15. KV Cache Optimization
The KV cache stores attention keys and values for all processed tokens. During autoregressive generation, this cache grows with every new token. Optimizing KV cache determines maximum context length and throughput.
Memory calculation:
def kv_cache_memory(layer_count, heads, head_dim, batch_size, max_seq_len, bytes_per_param=2):
"""Calculate KV cache memory in GB"""
# For each layer: 2 matrices (K and V), each of shape (batch, heads, seq, head_dim)
bytes_per_token = 2 * layer_count * heads * head_dim * bytes_per_param
total_bytes = bytes_per_token * max_seq_len * batch_size
return total_bytes / (1024 ** 3)
# Example: 70B model, 80 layers, 8 heads, 128 head_dim, batch=1, 32K context
memory = kv_cache_memory(
layer_count=80,
heads=8, # GQA: 8 kv heads, not 80
head_dim=128,
batch_size=1,
max_seq_len=32768,
bytes_per_param=2 # FP16
)
print(f"KV cache memory: {memory:.1f} GB")
# Output: ~16 GB
Grouped Query Attention (GQA) reduces KV cache proportionally to the ratio of kv_heads to query_heads. A 70B model with 8 kv_heads and 64 query_heads requires 1/8 the KV cache memory of standard multi-head attention.
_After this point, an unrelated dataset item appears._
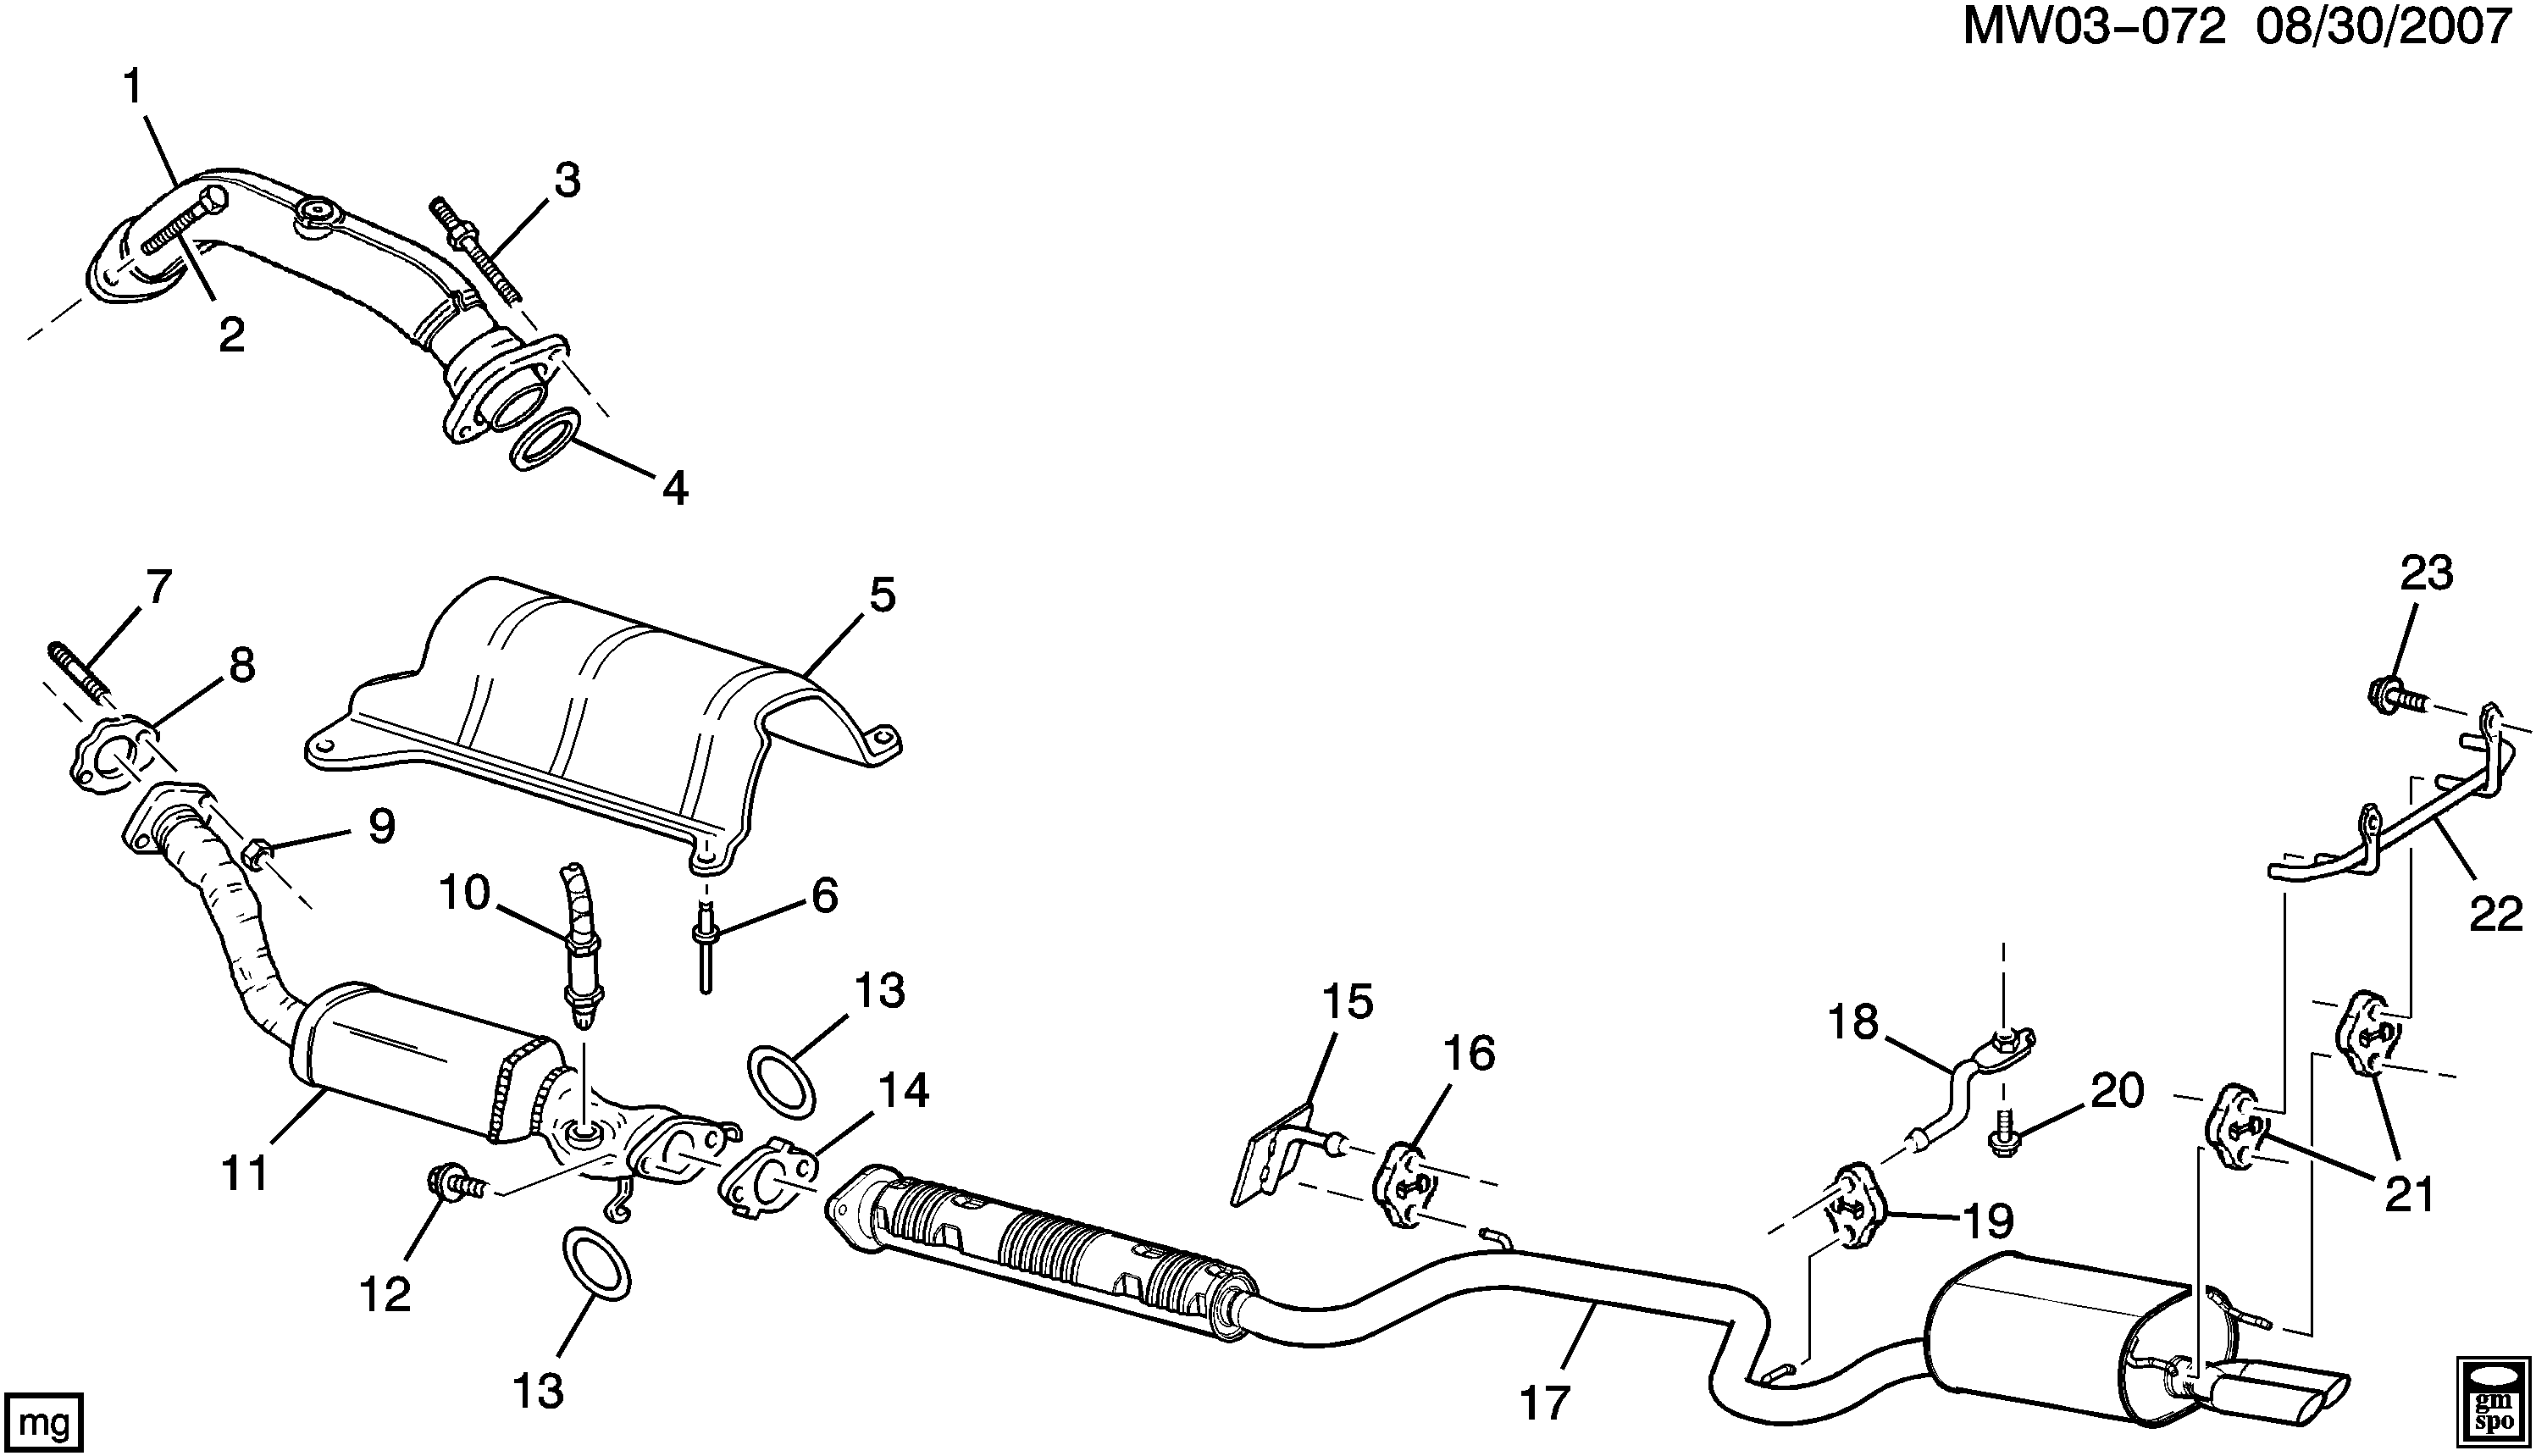 1999-2002 WF EXHAUST SYSTEM (L67/3.8-1)

# Verify GQA configuration
from transformers import AutoConfig
config = AutoConfig.from_pretrained("meta-llama/Llama-2-70b-hf")
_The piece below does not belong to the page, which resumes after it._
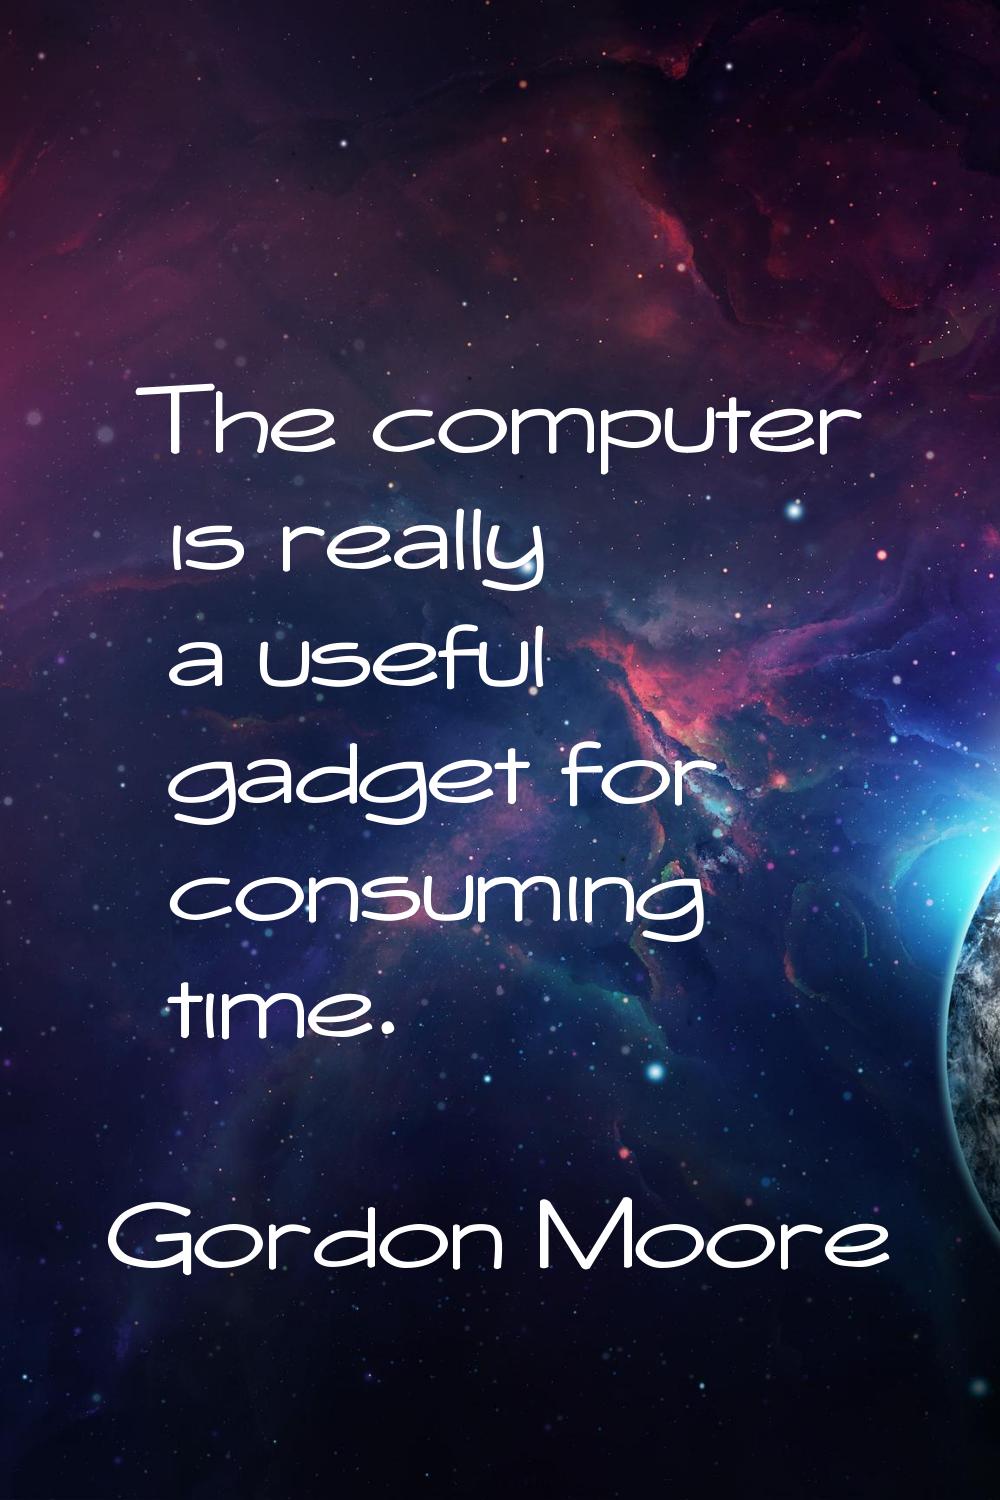 The computer is really a useful gadget for consuming time.

print(f"Query heads: {config.num_attention_heads}") # 64
print(f"KV heads: {config.num_key_value_heads}") # 8
print(f"GQA ratio: {config.num_attention_heads / config.num_key_value_heads}x") # 8x
KV cache quantization reduces memory by 50-75% with minimal accuracy impact:
# vLLM KV cache quantization
llm = LLM(
model="meta-llama/Llama-2-70b-hf",
kv_cache_dtype="fp8", # Quantize KV cache to FP8
gpu_memory_utilization=0.95,
)
# For more aggressive compression
llm = LLM(
model="meta-llama/Llama-2-70b-hf",
kv_cache_dtype="int8", # INT8 quantization
enforcement_common_spec=False, # Allow non-standard quantization
)
Eviction policies determine which tokens to retain when memory is full:
# Common eviction strategies
eviction_policies = {
"lru": "Least recently used - remove oldest tokens",
"sliding_window": "Keep only recent N tokens",
"sink": "Keep sink tokens + recent tokens",
"random": "Random eviction (simpler, slightly worse)",
}
# vLLM implements sliding window + sink automatically
llm = LLM(
model="mistralai/Mistral-7B-v0.1", # Has sliding window attention
block_size=16,
enable_prefix_caching=True,
)
KV cache compression research explores more aggressive techniques:
# HyperAttention - approximate KV cache with LSH
# Not production-ready but demonstrates future direction
class HyperAttentionCache:
def __init__(self, k=16, hash_size=128):
self.k = k # LSH buckets
self.hash_size = hash_size
def compress(self, keys, values):
# Hash keys into buckets
bucket_ids = self._hash_keys(keys)
# Average within buckets
compressed_k = self._average_buckets(keys, bucket_ids)
compressed_v = self._average_buckets(values, bucket_ids)
return compressed_k, compressed_v
Profile KV cache memory usage at various context lengths. Identify the context length where KV cache exceeds 50% of available VRAM. Test whether quantization enables longer contexts without OOM.